AD_DeprovisionUsers Job
The AD_DeprovisionUsers Job provides an automated workflow deprovision stale and unused user accounts.
Step 1 – Move stale users to a staging OU for deletion.
Step 2 – The assigned manager is alerted by email of the impending deletion.
Step 3 – User accounts are disabled.
Step 4 – Users are flagged as To Be Deleted.
Step 5 – Delete users from the staging OU.
Step 6 – Remove stale users from all groups.
Parameter Configuration
The Configuration section on a Job's overview page allows you to easily modify any customizable parameters used by analysis tasks in the job. See the Parameter Configuration topic for instructions on how to edit parameters on a job overview page.
The AD_DeprovisionUsers page has the following configurable parameters:
- Days in the Stale Users OU before being deleted
See the Customizable Analysis Parameters for the AD_DeprovisionUsers Job topic for additional information.
Analysis Tasks for the AD_DeprovisionUsers Job
Navigate to the Active Directory > Cleanup > 2.Users > AD_DeprovisionUsers > Configure node and select Analysis to view the analysis tasks.

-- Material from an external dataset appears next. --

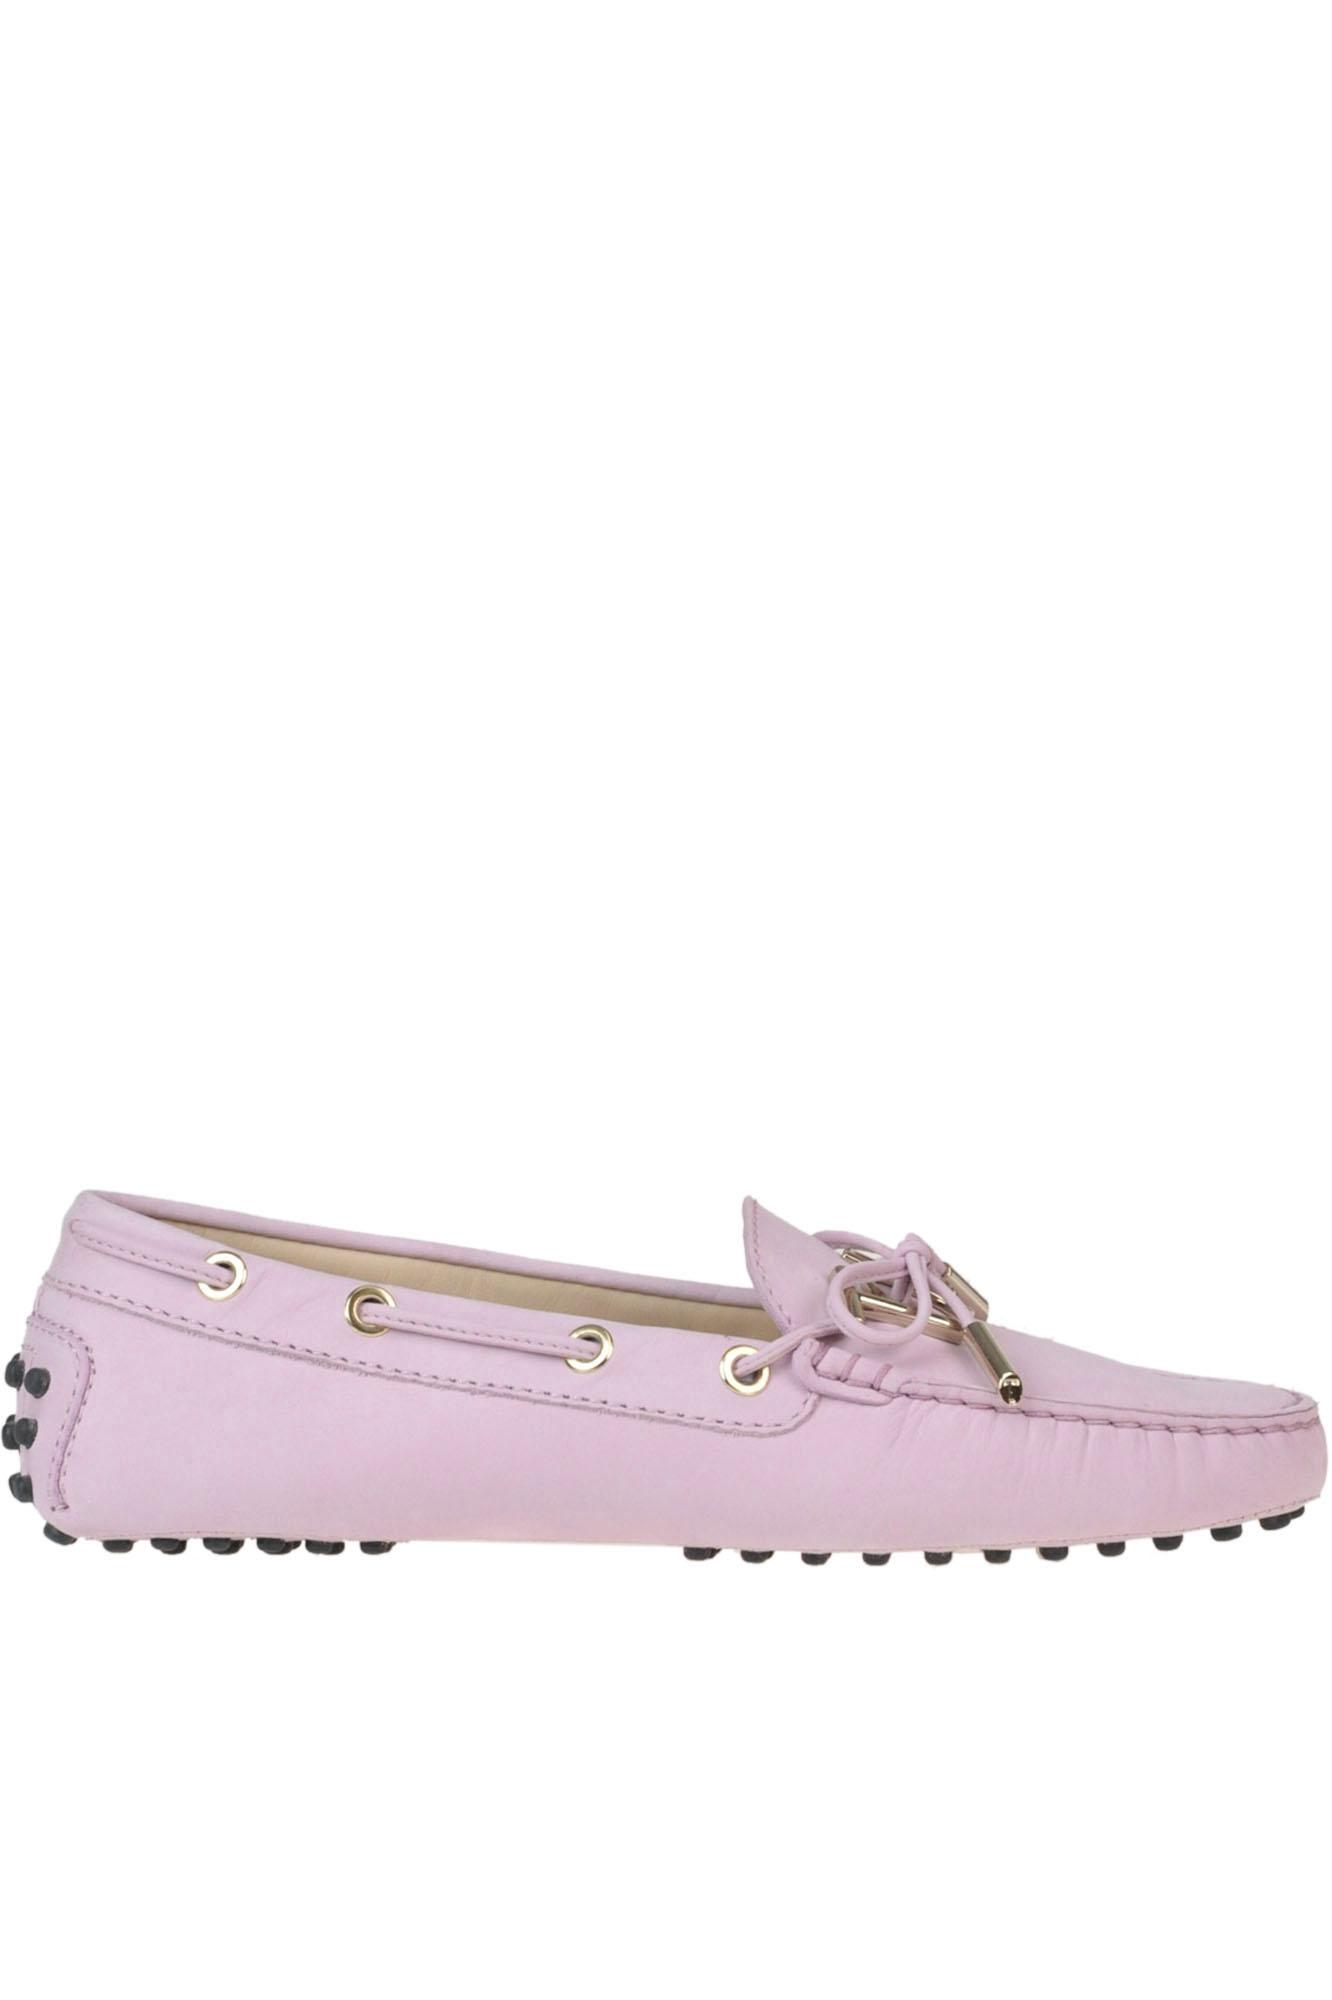 Tod's 'heaven' Suede Loafers in Pink - Lyst
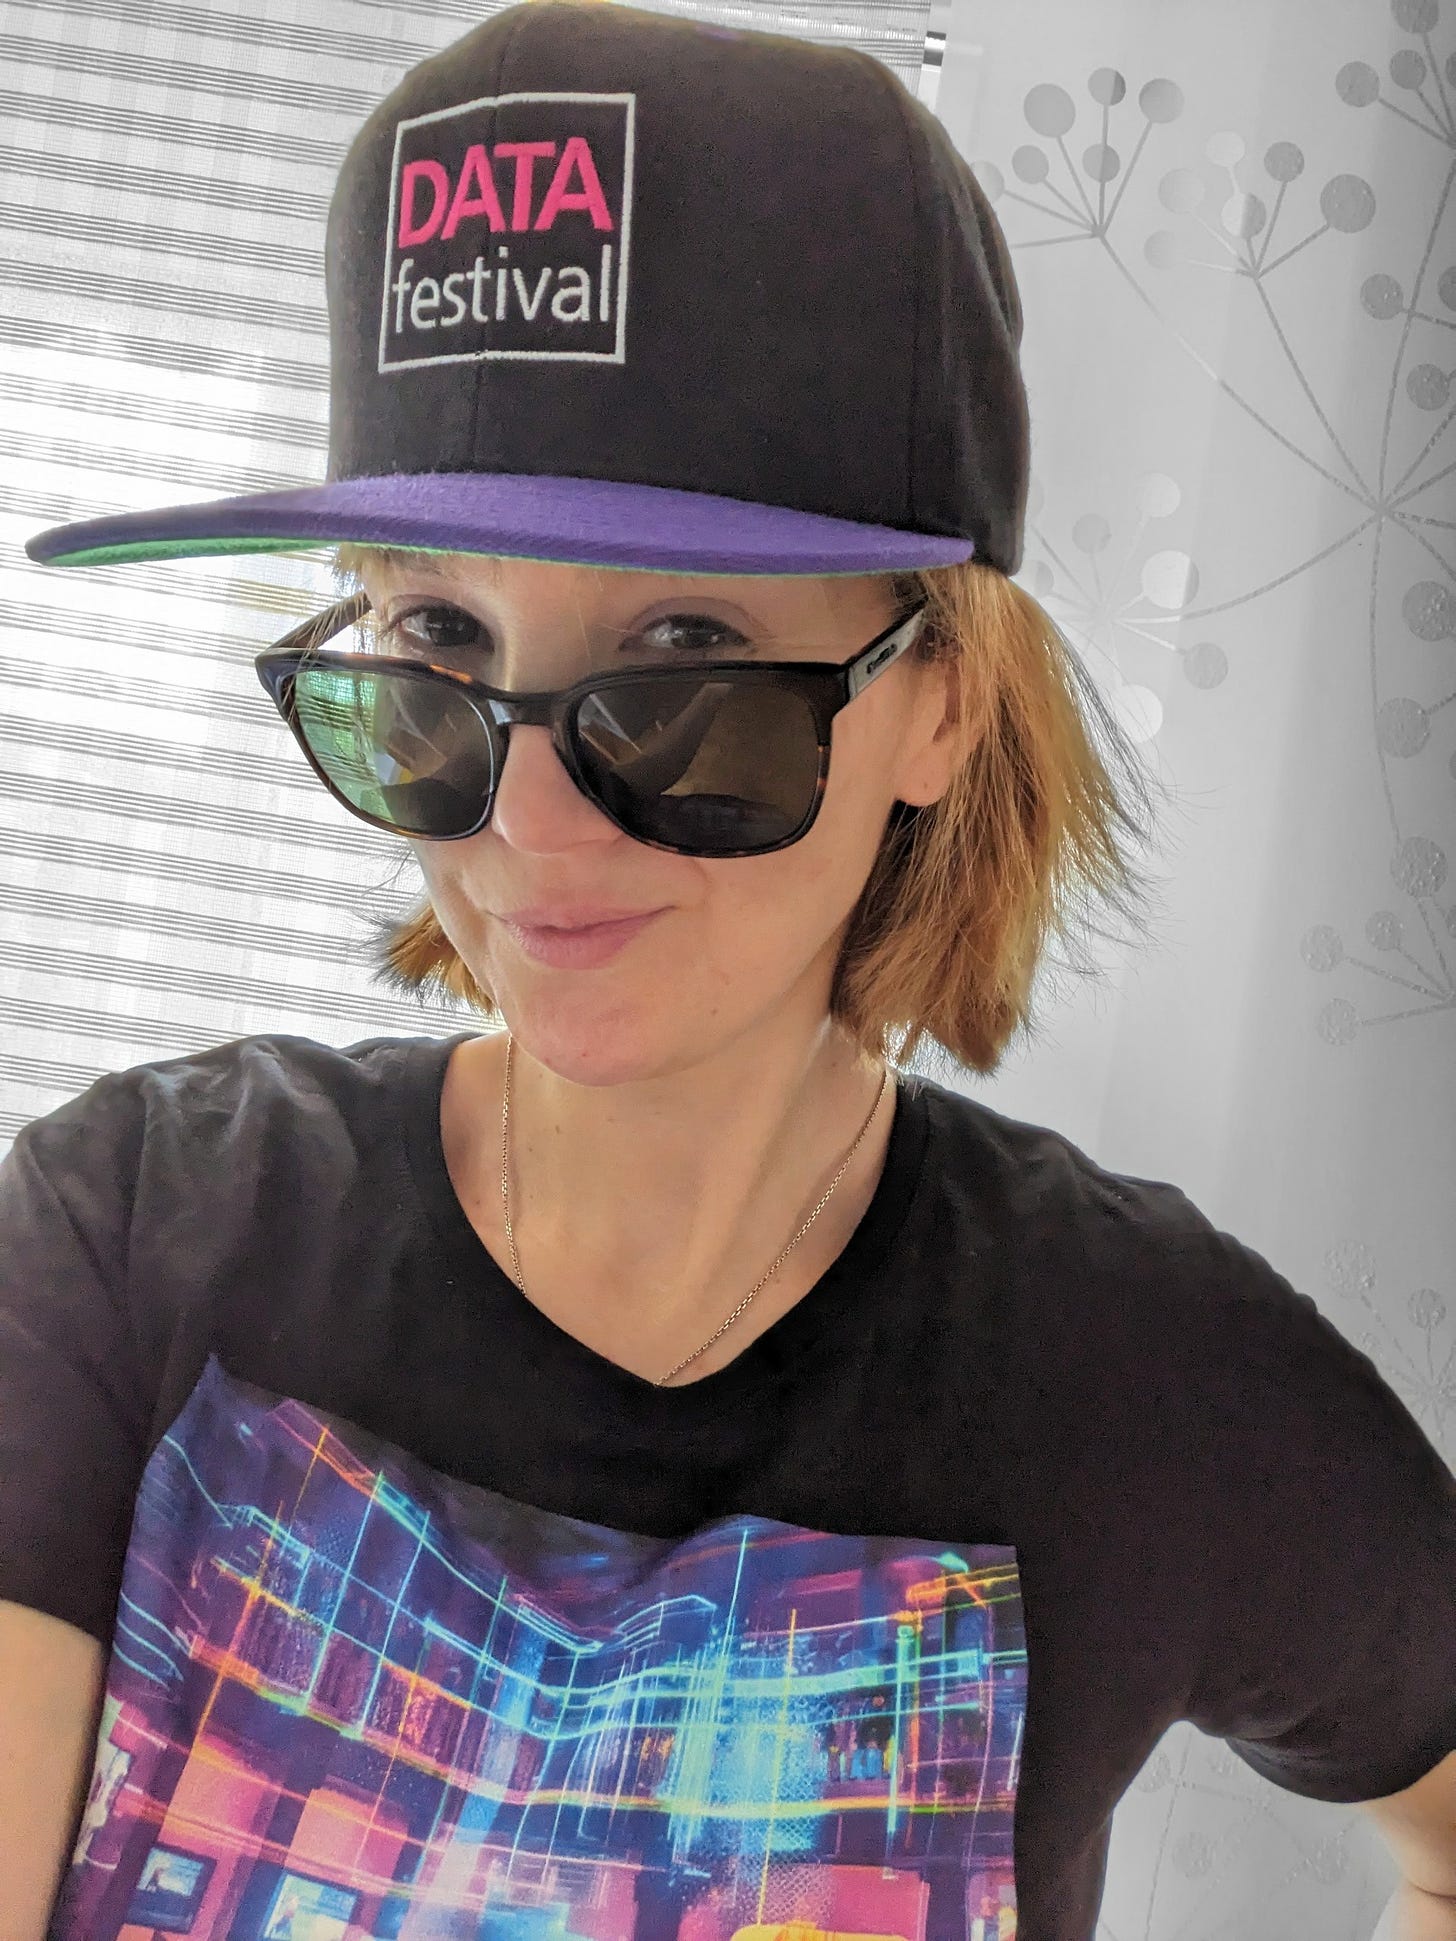 Andrea Weichand im Data Festival Outfit

The default analysis tasks are:
-
Identify Users to be Deleted – Imports data from stale users
-
User Accounts to Delete – Identifies accounts in the Stale Accounts OU that are ready to be deleted
- This analysis task contains a configurable parameter:
@days_before_deleting. See the Customizable Analysis Parameters for the AD_DeprovisionUsers Job topic for additional information.
- This analysis task contains a configurable parameter:
-
Identify Group Membership – Identifies stale user membership to remove
Customizable Analysis Parameters for the AD_DeprovisionUsers Job
Customizable parameters enable you to set the values used to classify user and group objects during this job’s analysis.
| Analysis Task | Customizable Parameter Name | Default Value | Value Indicates |
|---|---|---|---|
| User Accounts to Delete | @days_before_deleting | 365 | Days in the Stale Users OU before being deleted |
See the Configure the Customizable Parameters in an Analysis Task topic for additional information.
Action Tasks for the AD_DeprovisionUsers Job
Navigate to the Active Directory > Cleanup > 2.Users > AD_DeprovisionUsers > Configure node and select Actions to view the actions.
CAUTION: Do not enable the actions unless it is required. Disable the actions after execution to prevent making unintended and potentially harmful changes to Active Directory.
The action tasks are:
CAUTION: The action tasks must be executed together and in order.
-
Move Users – Move users to staging OU for deletion
- The target OU must be set in the Move Users Action Task prior to executing the action tasks. See the Configure the Target OU topic for additional information.
-
Notify Manager – Notify assigned manager by email of the impending deletion
-
Disable Users – Disable user accounts
-
Update Description – Flag users as To Be Deleted
-
Delete Users – Delete users from staging OU
-
Remove Membership – Remove stale users from all groups
After the @days_before_deleting analysis parameter has been configured and the target OU has been
set in the Move Users Action Task, select the checkboxes next to all of the action tasks and click
Execute Action to execute the action tasks.